Власть царевны Софьи в одночасье рухнула, а с нею и власть и значение князя. Было это в 1689 году, когда Фёдор Головин, ничего о сих переворотах не ведая, сражался с китайцами и мунгалами. Ведал бы — посожалел о князе. Были они в дружбе, князь Василий весьма много наставлял Фёдора в дипломатической службе, и мыслили они совершенно сходно.

Когда же Фёдор возвратился, князя Василия на Москве уж не было: лишённый всех чинов и боярства, он скитался с семейством своим во хладных северных краях.

Павел тоже сожалел о князе, ибо тот оценил и его ум, и его способности, и знание языков. Опала его случилась на глазах к немалому прискорбию всех служилых в Посольском приказе. Его место занял Лев Нарышкин, дядька молодого царя Петра, особыми достоинствами не блиставший.

А тогда, во дни княжьей опалы, Павел Шафиров часами бродил по Москве. Часто пропадал он в лавках земляков на главном московском торжище у храма Василия Блаженного, что на рву. Здесь обосновались крещёные смоленские жиды — Евреиновы, Копьевы, Веселовские и другие, предпочевшие изгнанию и гибели перемену веры. Они тоже утверждали, что Бог един и что христианство есть всего лишь ветвь иудаизма, а все христианские столпы начиная с Иисуса Христа — евреи. Да и Пятикнижие-Тора вошло составной частью в общую священную книгу иудеев и христиан Ветхий Завет, Книгу Книг — Библию.

Павел отстаивал службу в храме Покрова на рву и в великолепных кремлёвских соборах. Он шёл туда со стеснённым сердцем, но мало-помалу благолепие службы действовало на него умягчающе, и случалось, в каком-то неосознанном порыве он осенял себя крестным знамением и клал поклоны перед чтимыми иконами. И никто не косился на него, когда он поворачивался и уходил.

Вера отцов не угасала в нём. Он сохранил в душе всё лучшее, что она несла. Что-то в нём застряло и от римско-католиков. Словом, он чувствовал некую раздвоенность, но с нею было не тяжко. Он охотно бы послушал молитву заливистого кантора в синагоге, но синагоги не было, а был сокровенный молельный дом всё в той же Немецкой слободе, где он обитал и где нашли прибежище многие его земляки.
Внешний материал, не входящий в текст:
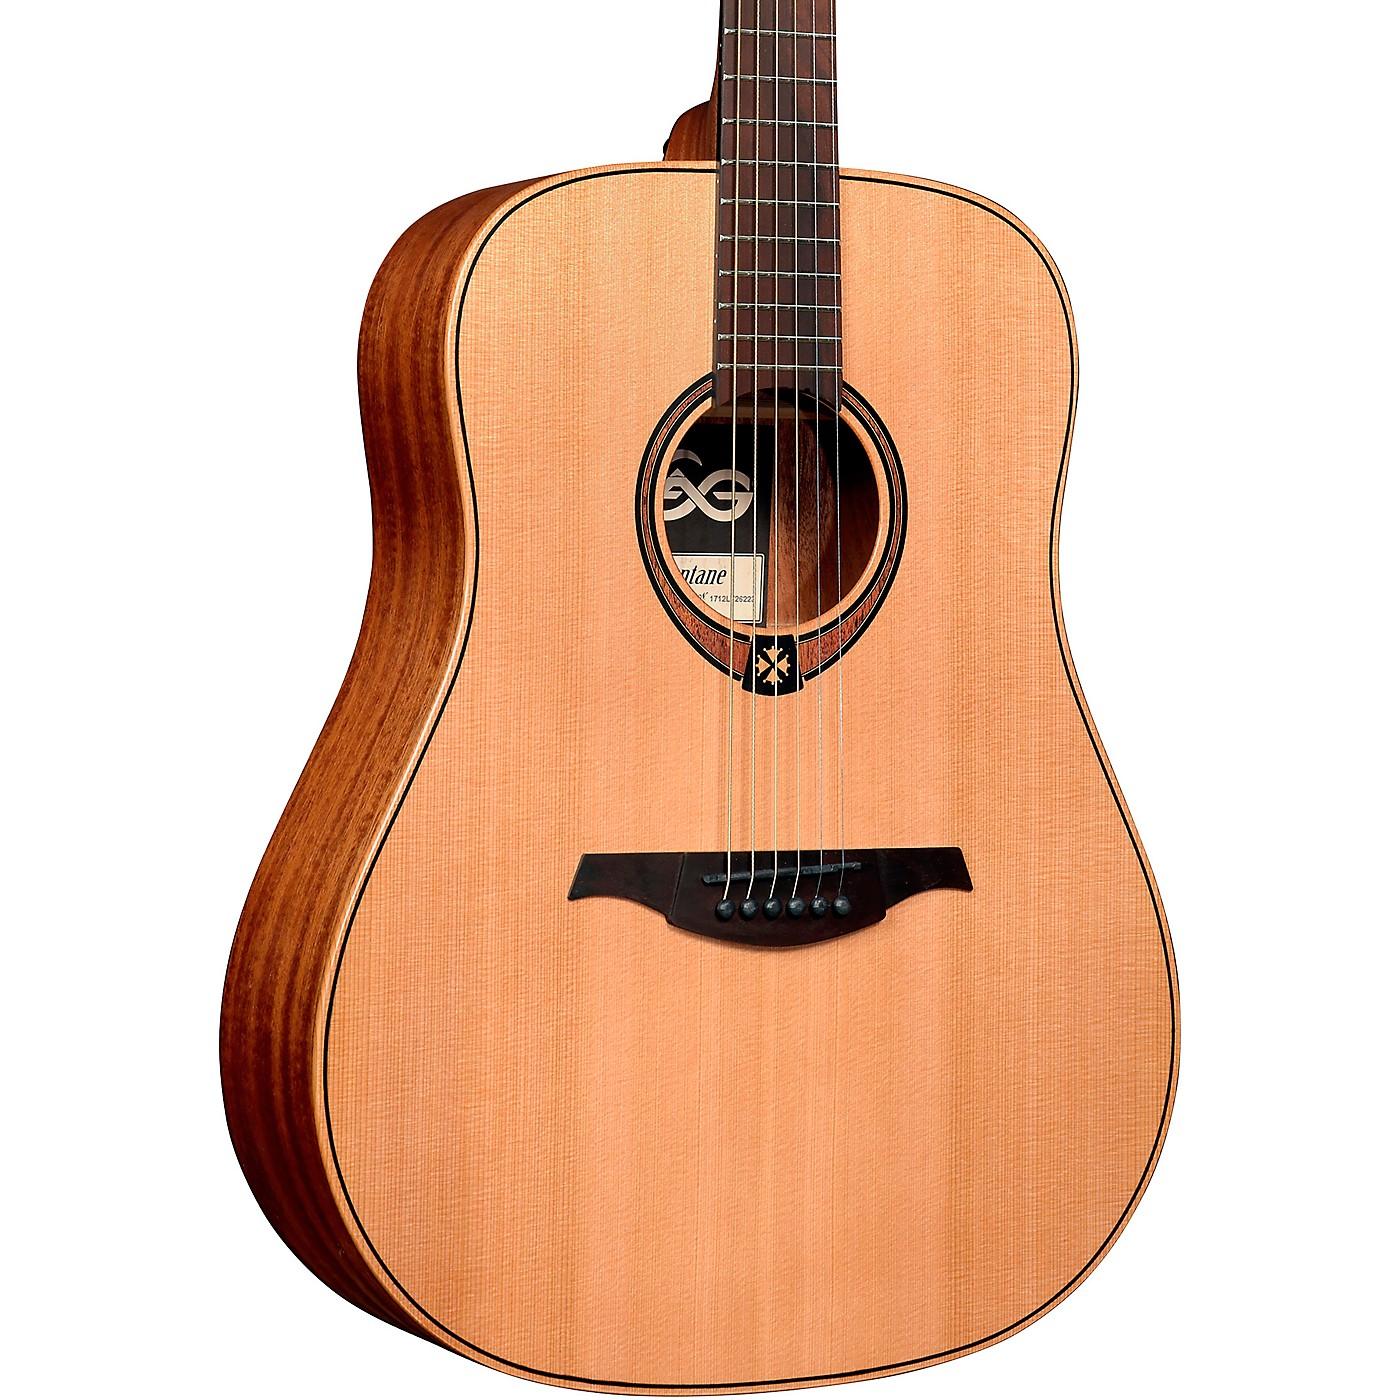 Lag Guitars Tramontane T170D Dreadnought Acoustic Guitar thumbnail

Молельный дом этот был как бы частным домом. И хаживало в него едва ли два десятка человек. Ровно в гости. Среди них был и раввин-растрига, который твердил: вера отцов должна жить в нас не прерываясь. Глубоко внутри. Ведь мы возросли в ней.

Эта вера — внутренняя. А новая — православие — наружная.

Был семисвечник, был свиток Торы, были талесы[17] с филактериями[18]. Всё это хранилось в доме и надевалось во время службы.

Но вот беда — кантора не было. Раввин, чьё имя было Пинхас, а в нынешнем миру он звался Пётр, жиденьким своим тенорком выводил молитвы. Но это было совсем не то. Все вспоминали смоленского кантора реб Шмэля. Где-то он теперь?

С волками жить — по-волчьи выть! — насмехался сын Павла Пётр, его первенец. Он вошёл в возраст и в Службу: в год падения царевны Софьи и её таланта князя Василия Голицына ему исполнилось двадцать. Он был насмешник и позволял себе больше, чем его одногодки. А всё потому, что боярин Фёдор Головин, снисходя к его выдающимся способностям к иноземным языкам, взял его в службу. И поименовал его тайным секретарём, не в пример прочим. Завистники злословили: тайным, потому что из крещёных жидов, сию тайну следовало хранить. А ещё потому, что боярин приходился Петру крестным отцом.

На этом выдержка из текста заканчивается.